# pasangers with low raitings



## Botero Bob (Mar 31, 2015)

I got the same question from riders all the time, why is my score so low?i


----------



## Tommy Tours (Sep 19, 2014)

Speaking of passenger ratings last night I picked a parx with a 1 rating. Didn't ask how many rides he took. I had to look three times to make sure, no problems on ride, dropped off gave a 5.


----------



## cybertec69 (Jul 23, 2014)

Botero Bob said:


> I got the same question from riders all the time, why is my score so low?i


next time when they ask, tell them that the rates are dirt cheap, and when they dispatch a car they need to be at the location and not make the driver wait for them, as time is money in our business and we do not get paid for waiting, also to be polite and nice also helps, treat the driver like you want to be treated.
I will give you an example, got a dispatch the other day, I get there, tap on the app ARRIVED, and text pax I am outside, I do this ALL the time, PAX get's back OK, now after 3 minutes he comes out with a big heavy bag, then tells me there is more bags, OK, he opens the door to his residence and guess what he lives on the second floor, by the time all the bags got downstairs and in my car and we took off to the airport was like 10 minutes, since Airport trips are a set fare "no matter how long it takes you to get there", so waiting time was a non factor, well he got a 2* rating "now if he tipped me to load and unload his heavy luggage I might have done otherwise", also a couple of my Uber pool jobs got a 1* rating.


----------



## thehappytypist (Oct 9, 2014)

Some people just don't realize how ******y and difficult they are. They see their behavior as perfectly acceptable, in fact it's their RIGHT! Assholes.


----------



## poopyhead (Jul 8, 2016)

Just say no tips are the reason for low ratings.


----------



## A T (Aug 3, 2016)

thehappytypist said:


> Some people just don't realize how ******y and difficult they are. They see their behavior as perfectly acceptable, in fact it's their RIGHT! Assholes.

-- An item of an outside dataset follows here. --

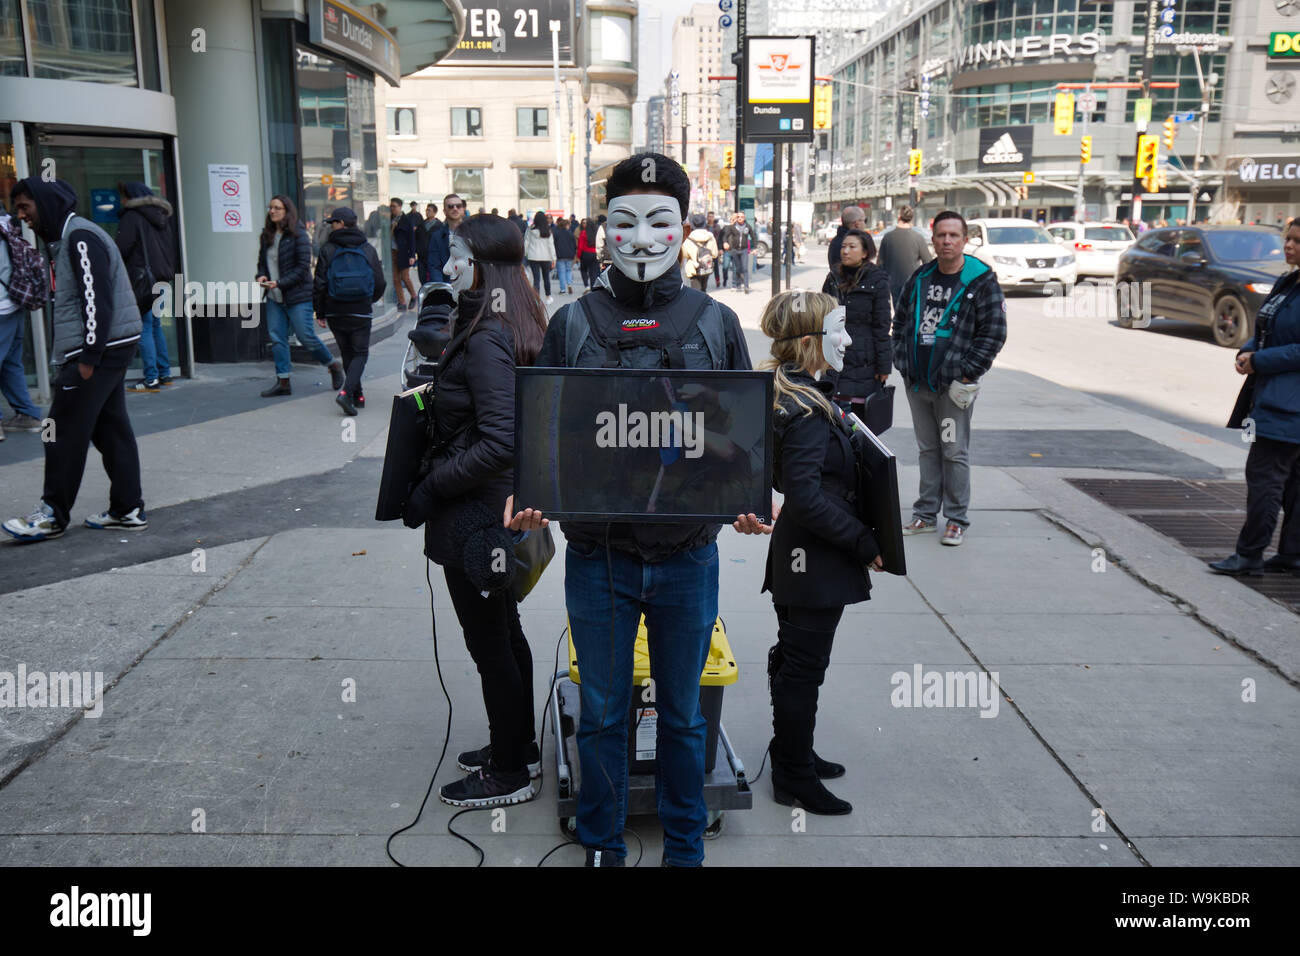 Toronto, Ontario, Canada, 2019 Mars-20 : protestation contre la cruauté envers les animaux par un groupe de jeunes militants portant des masques anonymes et la tenue d'un téléviseur qui Banque D'Images

Then they beat up your rating like a pinata because they weren't served lobster and caviar on the ride.


----------



## reg barclay (Nov 3, 2015)

cybertec69 said:


> I will give you an example, got a dispatch the other day, I get there, tap on the app ARRIVED, and text pax I am outside, I do this ALL the time, PAX get's back OK, now after 3 minutes he comes out with a big heavy bag, then tells me there is more bags, OK, he opens the door to his residence and guess what he lives on the second floor, by the time all the bags got downstairs and in my car and we took off to the airport was like 10 minutes, since Airport trips are a set fare "no matter how long it takes you to get there", so waiting time was a non factor, well he got a 2* rating "now if he tipped me to load and unload his heavy luggage I might have done otherwise", also a couple of my Uber pool jobs got a 1* rating.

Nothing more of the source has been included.